She's still flying high
Though it’s been seven years between albums, Alison Krauss remains on top of her game
The recent release of “Paper Airplane’’ came seven years after Alison Krauss had last cut a record with her world-class, Grammy-scarfing bluegrass band, Union Station. In the meantime, the Illinois native stayed plenty busy, highlighted by a surprise musical rendezvous with former Led Zeppelin singer Robert Plant on the lavishly praised album “Raising Sand.’’ Alison Krauss and Union Station perform tomorrow at the Cape Cod Melody Tent in Hyannis, at Mountain Park in Holyoke on Sunday, and at the Wang Theatre in Boston on July 28.
Q. Would it be rude to tell a lady that she seems like an old soul?
A. No. At least not me. I like that.
Q. You’ll be in Massachusetts when you turn 40. Any big plans?
A. I hope not!
Q. You’ve had such a long career already, it seems remarkable that you haven’t even reached 40 yet.
A. Well, I don’t think about it that much. I , ah . . . It’s been a very interesting life. Pretty special. As long as I keep my teeth for a while, I’m happy.
Q. Is this the longest the band has been out of the studio?
A. Well, it’s the longest between albums. I’ve been in the studio. I made a record for Alan Jackson. There’s a European compilation that Dan [Tyminski, guitar, mandolin] made. Ron [Block, banjo, guitar] made two, Jerry [Douglas, Dobro] made two. But as a whole new band album, it’s been seven years.
Q. Was it a transition to get settled back into the studio, or was it pretty easy, considering how comfortable you’ve grown with each other?
A. A little bit of both. There were different circumstances on this one. I was not well. I had a migraine every day for 2 1/2 months. It was hard for me to focus, to work like I normally do. Usually it’s pretty obvious what I don’t like and do like. Whether it’s right or wrong, it’s a guide. This time it was really hard. Everything was pretty gray.
Q. Did you solve that problem?
A. Yeah. It’s pretty inconsistent now when I get them. Acupuncture made the difference. I had a friend who suggested it. He said this woman had changed his life, and she did mine as well.
Q. So this will go down as an unusual recording experience for you - you’re going to remember this record tied to the migraines.
A. It was pretty rough, yeah. I missed a lot of days in the studio even after we’d tracked, because I just couldn’t move.
Q. In an age when the music industry is a little uncertain, it seems like you’ve had a pretty special relationship with your label, [Burlington’s] Rounder Records, over the years.
A. It’s been great. I’ve been very happy to have stayed there and been with those folks. I have no regrets.
Q. I’m sure you’ve answered too many questions about working with Robert Plant. . .
A. I have no problem answering questions about Robert. Robert is a delight.

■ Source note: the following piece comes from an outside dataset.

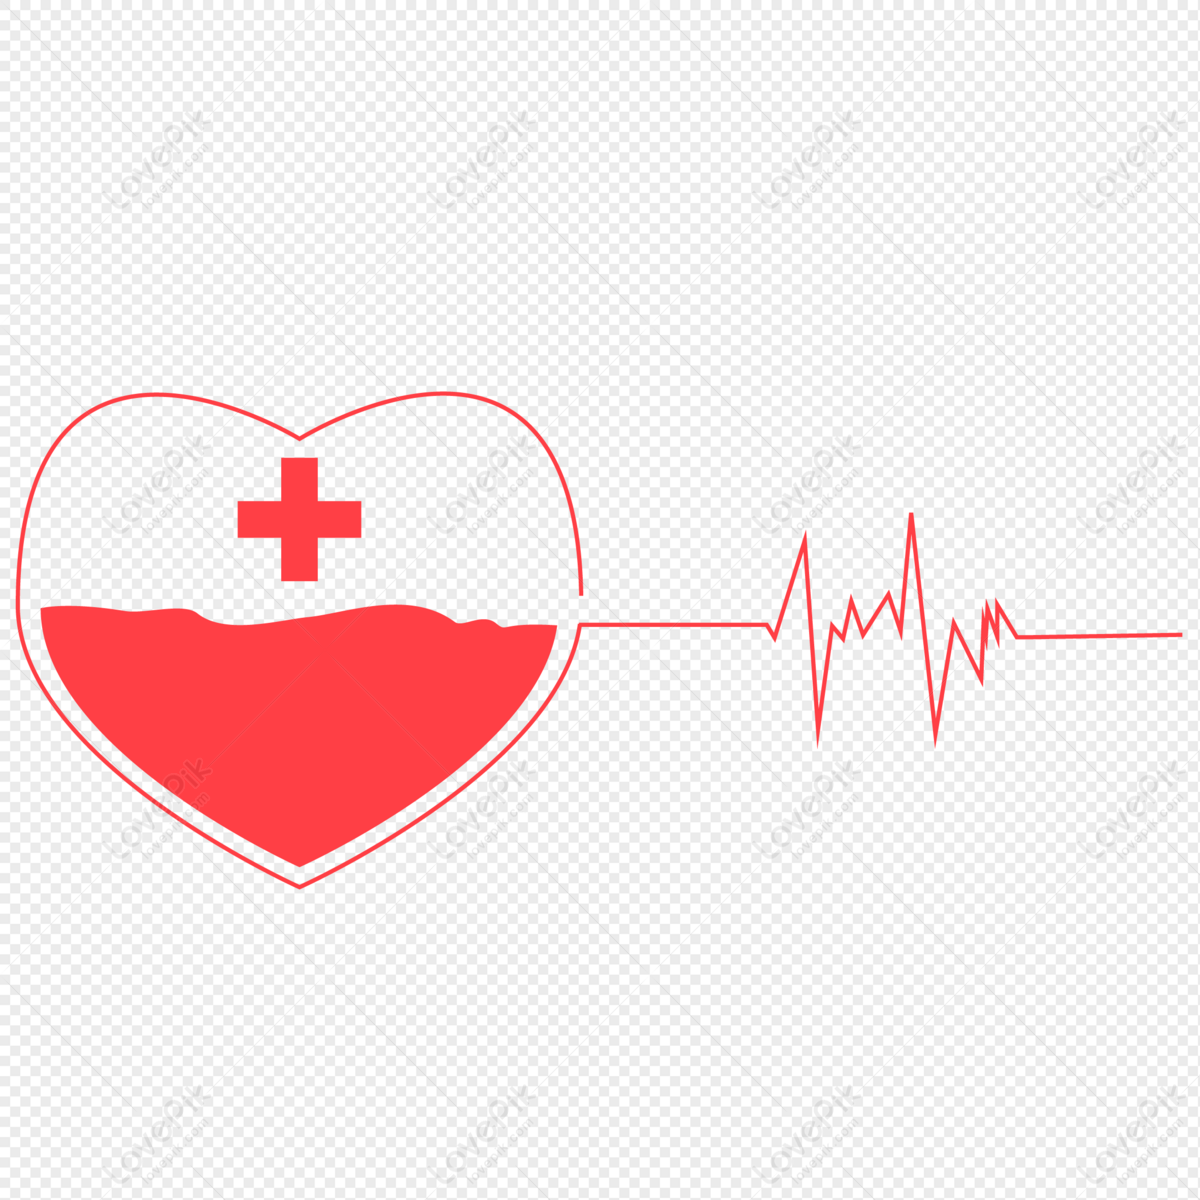 Сердце донор вектор. Донор фон. Донор PNG. Значок в виде донорского сердца.

Q. I’d imagine your first reaction to the idea of recording with him was, “What the hell. . .’’
A. No, at the time I thought, “Boy, how interesting.’’ I’d met him a few years before, and he was very much - is very much - a music fan. Of all different kinds of traditional music. I got it. I got why he’d be listening to bluegrass. The first conversation I had with him, he was talking about listening to Ralph Stanley as he drove through the Appalachian mountains. It’s really a beautiful thing - such a passion.

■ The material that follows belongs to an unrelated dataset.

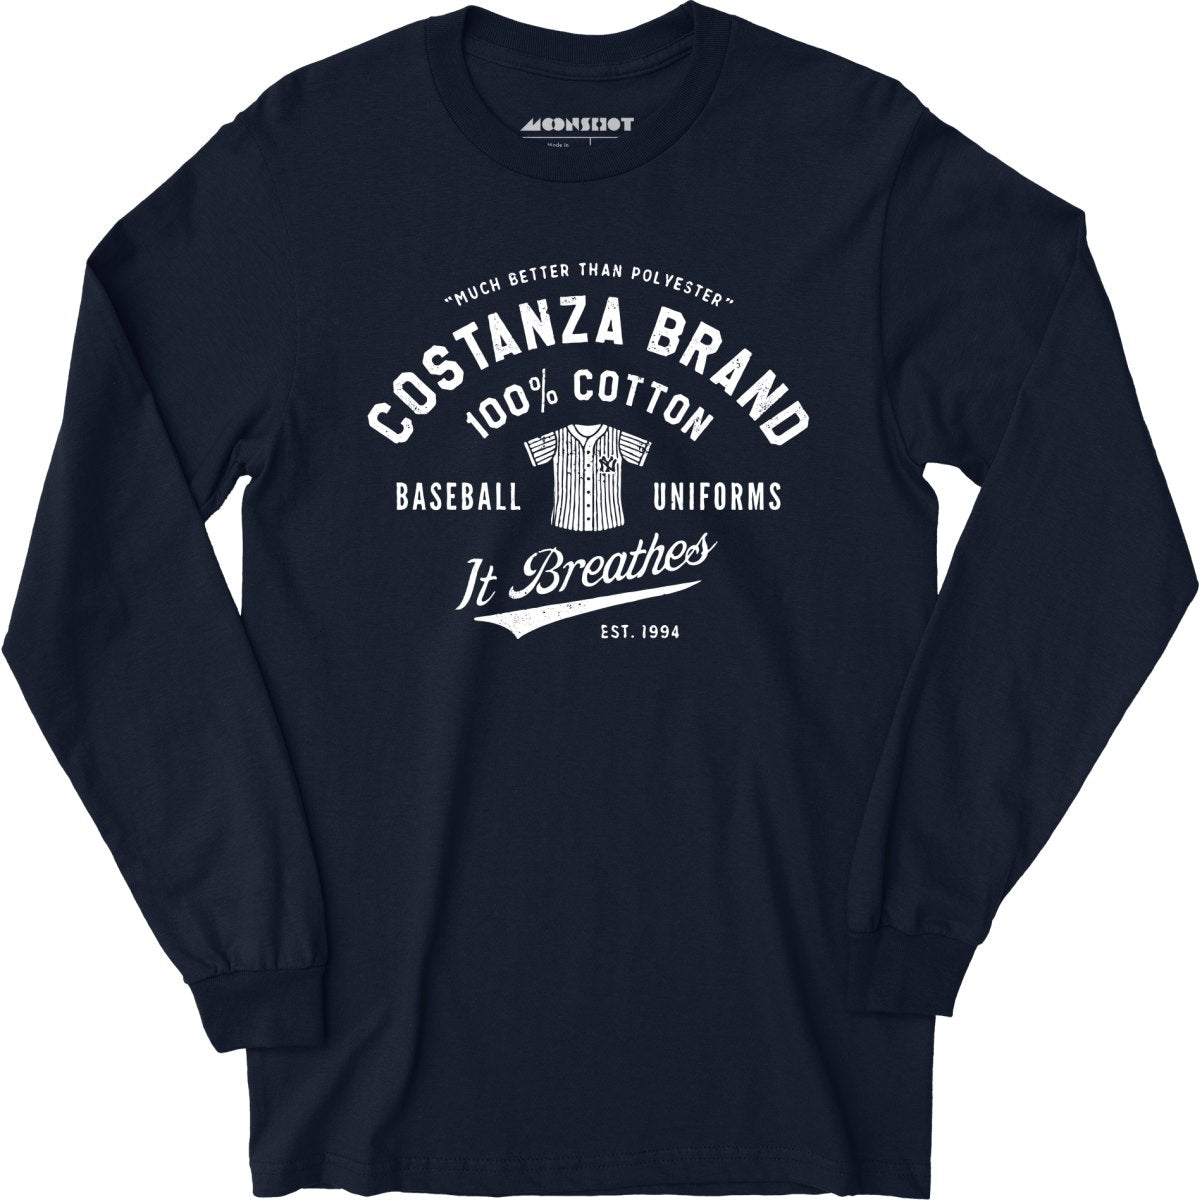 Costanza Brand Cotton Baseball Uniforms - Long Sleeve T-Shirt

Q. The music you make is so timeless, it almost seems like you’d want to seclude yourself from contemporary music so yours isn’t tainted.
A. Oh, that’s funny. Everybody [in the band] knows more of what’s going on than I do. Jerry, he’s just very interested. He has a very active musical life. He plays on all sorts of stuff. I don’t worry about anything being tainted. When I’m home, I like to sit in the quiet, but I like a lot of funk, too. I don’t really seek out the genre we play music in.
Q. Just about everyone in the band sings, and Dan gets his showcases. Have there been times where there’s a little indecision - “Gee, which one of us should sing this song’’?
A. I think it’s come up one time. Dan to me, when I think of the essence of who his voice represents, it’s that person who sings against the elements, who sings to the sky when the crops aren’t growing, who sings to the sea when the sea is too rough and sings to God when there’s a war. He’s shouting “Why, why, why?’’ That kind of person wouldn’t sing what I sing. I call it “the message.’’ That would be his message. My message isn’t his.
Q. Does he feel that way too, or does he chuckle and say, “Well, that’s what Alison thinks I’m about’’?
A. It’s a little bit of both. He gives me a hard time about it. He just says, “What am I gonna be today, a farmer or a soldier?’’ He doesn’t have any problem with the tunes. I think there was one he really hated through the years, but he didn’t tell me at the time. The reaction people have to the way he sings that kind of subject - people react very positively, because he kills it. I think Dan in his element, no one can touch him.
Q. The people who come to see you are not necessarily watching the Nashville Network. Plenty of them are, but you also draw from the people who are not.